With the pictures left out, write out exactly the lines of the listing below that run from the line with "Схема салона China" through the line with "Diese außergewöhnliche antike".

SOURCE DATA ->

★ ★ ★ ★ ★ ★ ★

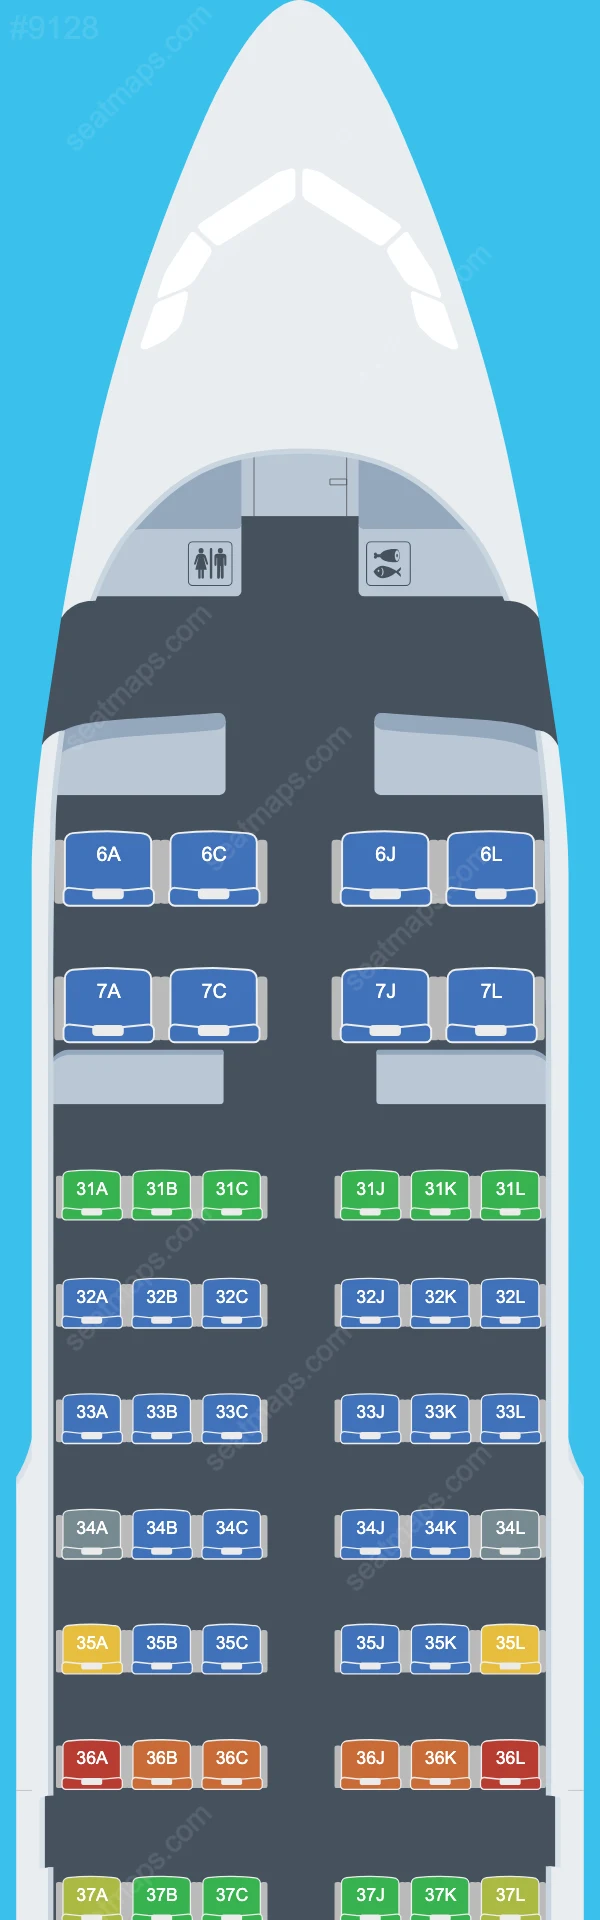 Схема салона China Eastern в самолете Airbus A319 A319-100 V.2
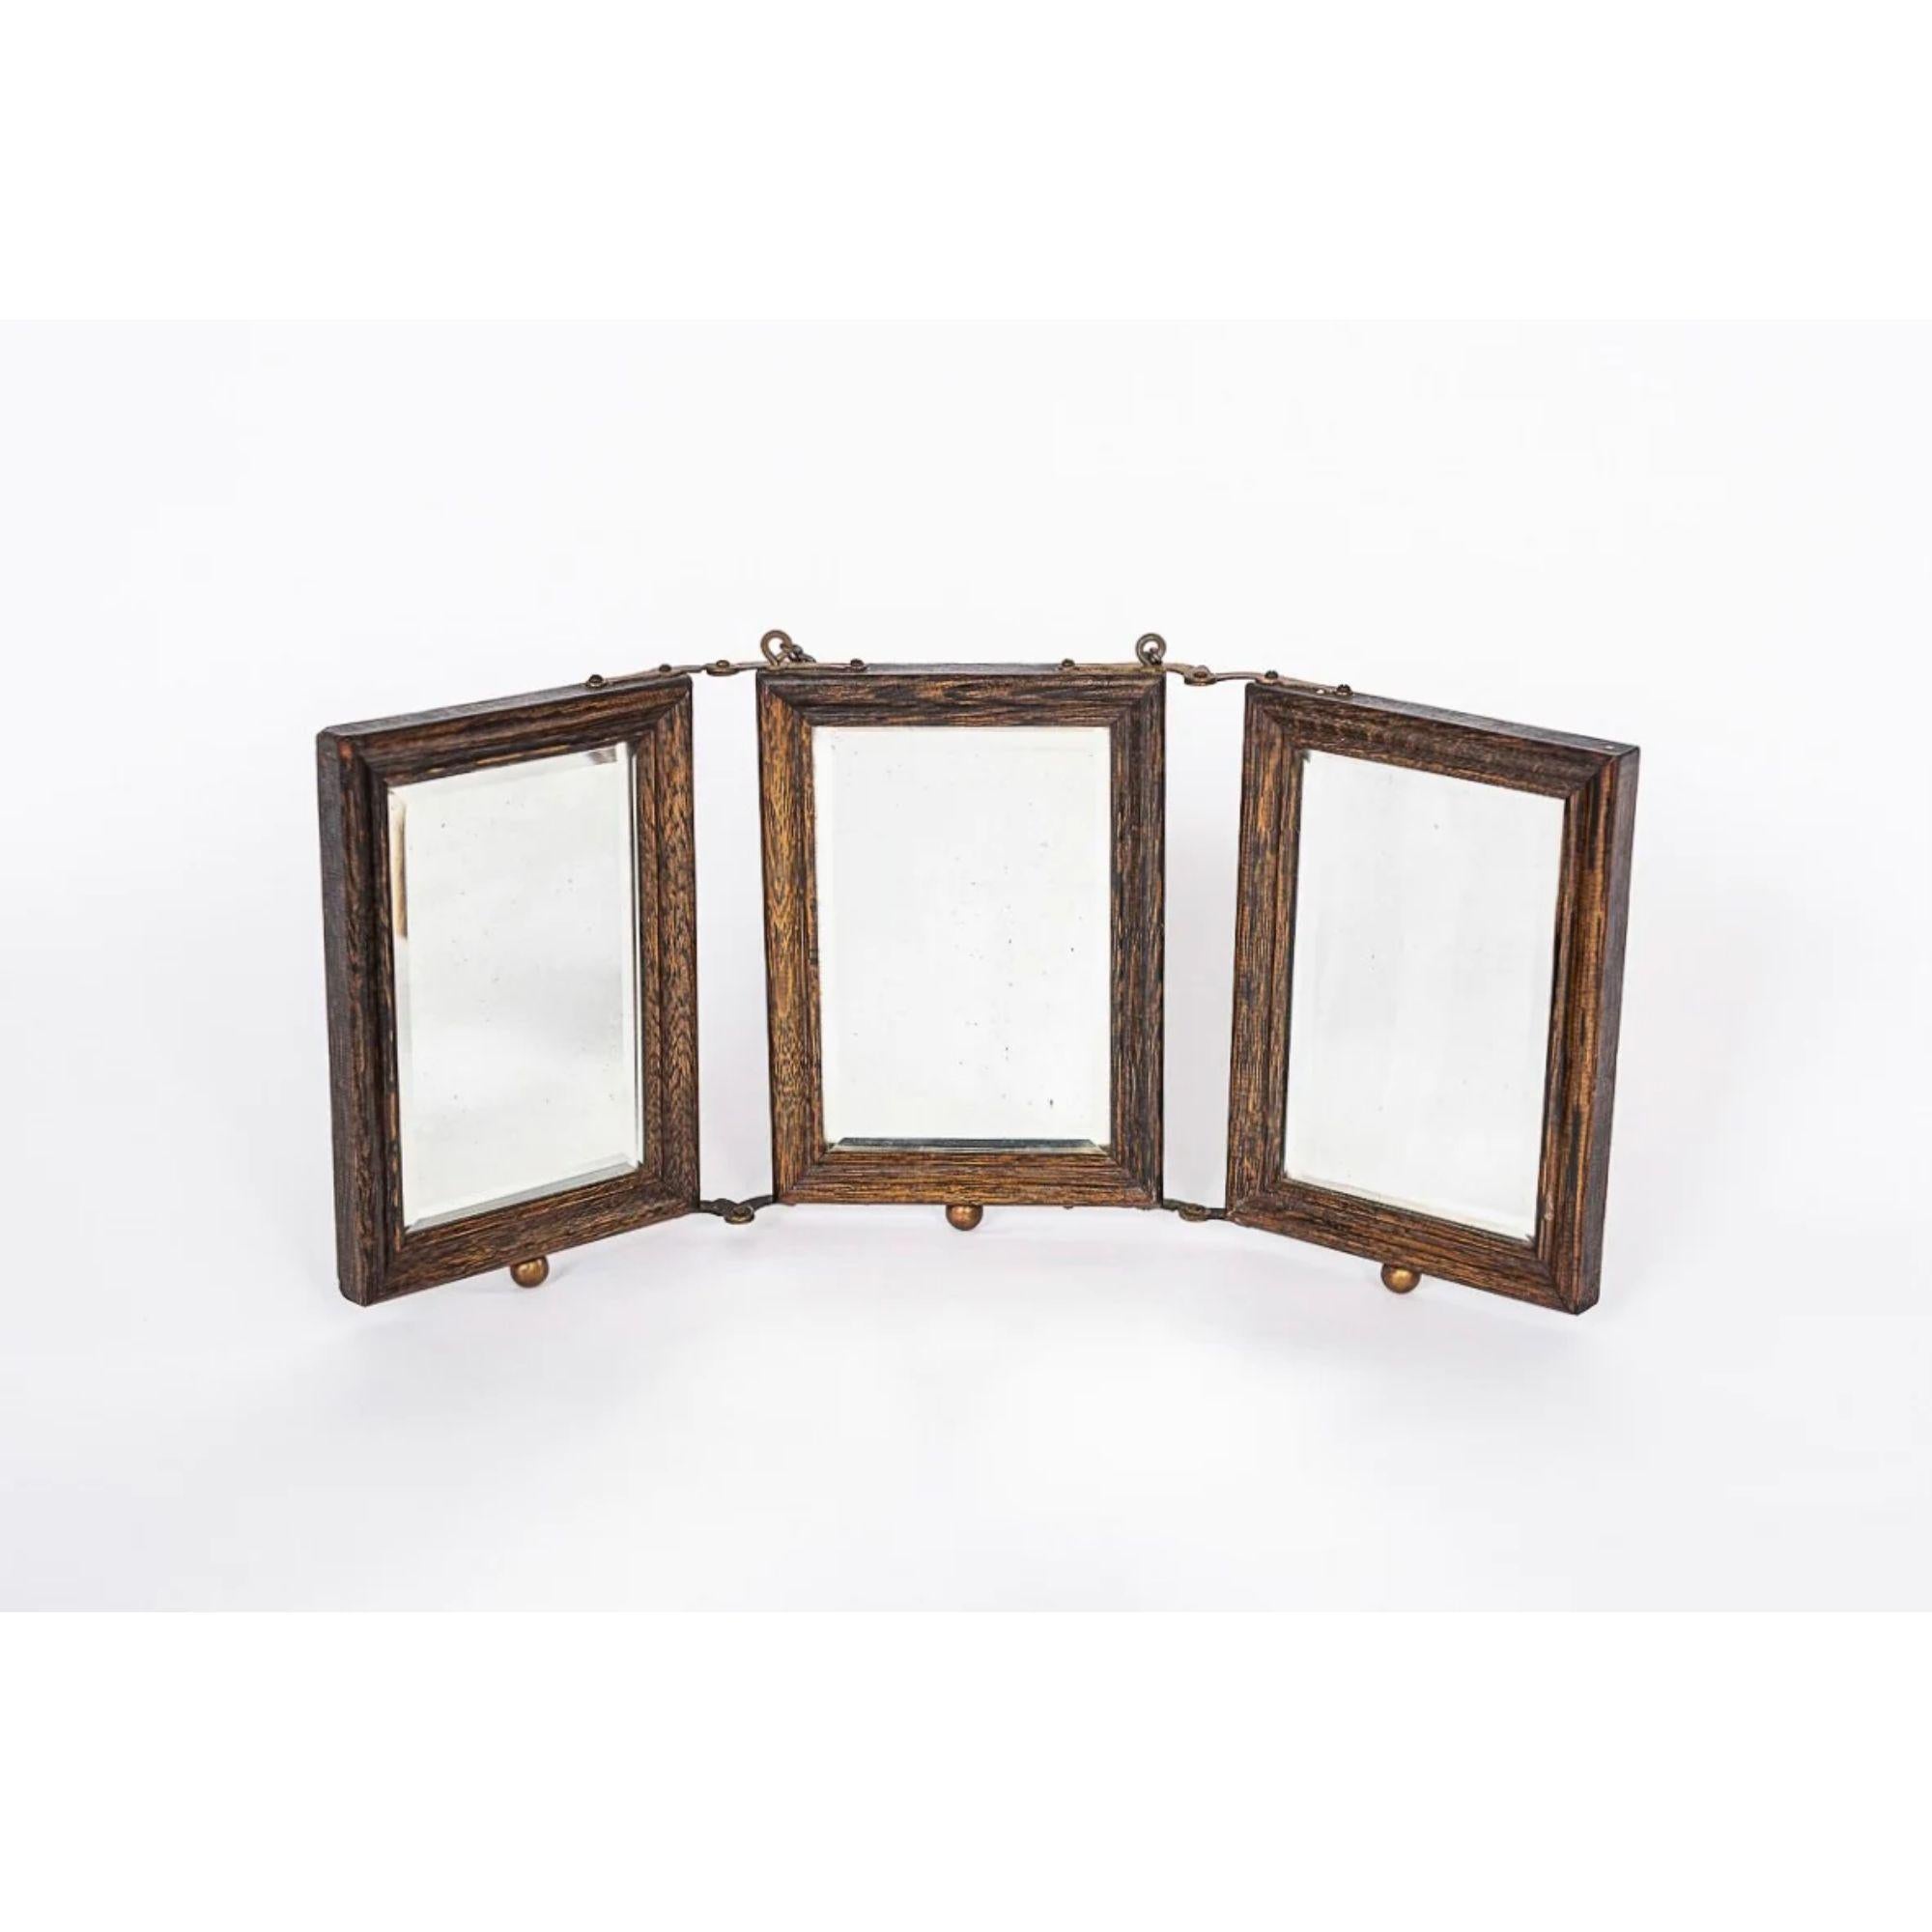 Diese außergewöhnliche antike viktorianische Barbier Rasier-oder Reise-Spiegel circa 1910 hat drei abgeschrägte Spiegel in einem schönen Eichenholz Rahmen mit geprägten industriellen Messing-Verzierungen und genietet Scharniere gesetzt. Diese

★ ★ ★ ★ ★ ★ ★

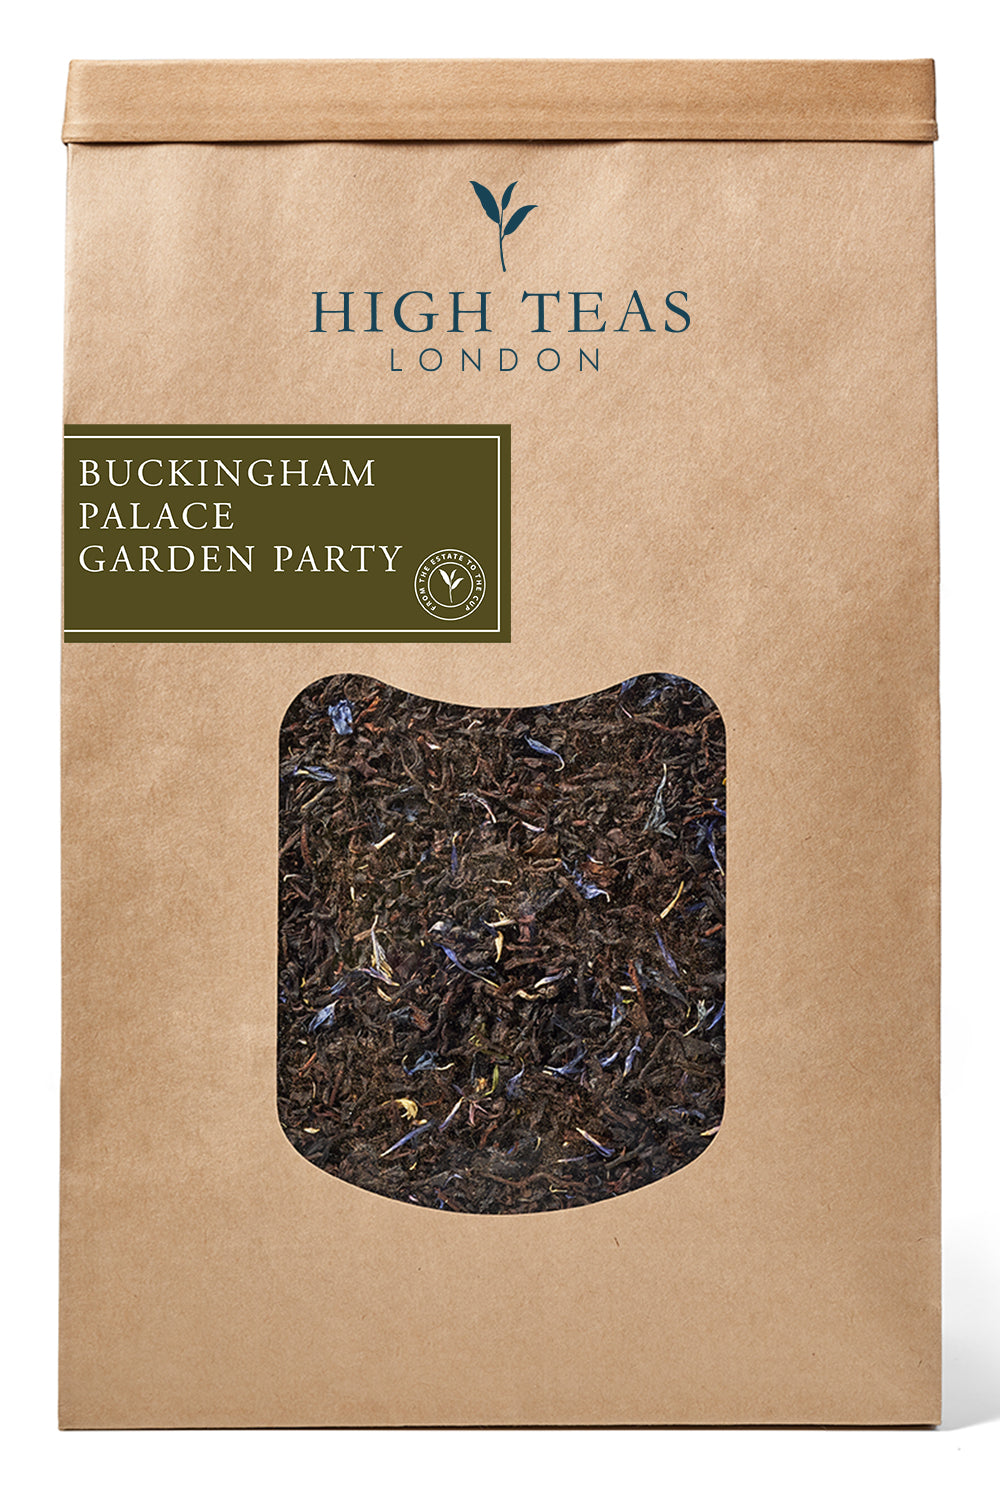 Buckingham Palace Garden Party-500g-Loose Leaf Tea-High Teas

★ ★ ★ ★ ★ ★ ★

RESPONSE TO THE EXERCISE ->
 Схема салона China Eastern в самолете Airbus A319 A319-100 V.2
 Diese außergewöhnliche antike viktorianische Barbier Rasier-oder Reise-Spiegel circa 1910 hat drei abgeschrägte Spiegel in einem schönen Eichenholz Rahmen mit geprägten industriellen Messing-Verzierungen und genietet Scharniere gesetzt. Diese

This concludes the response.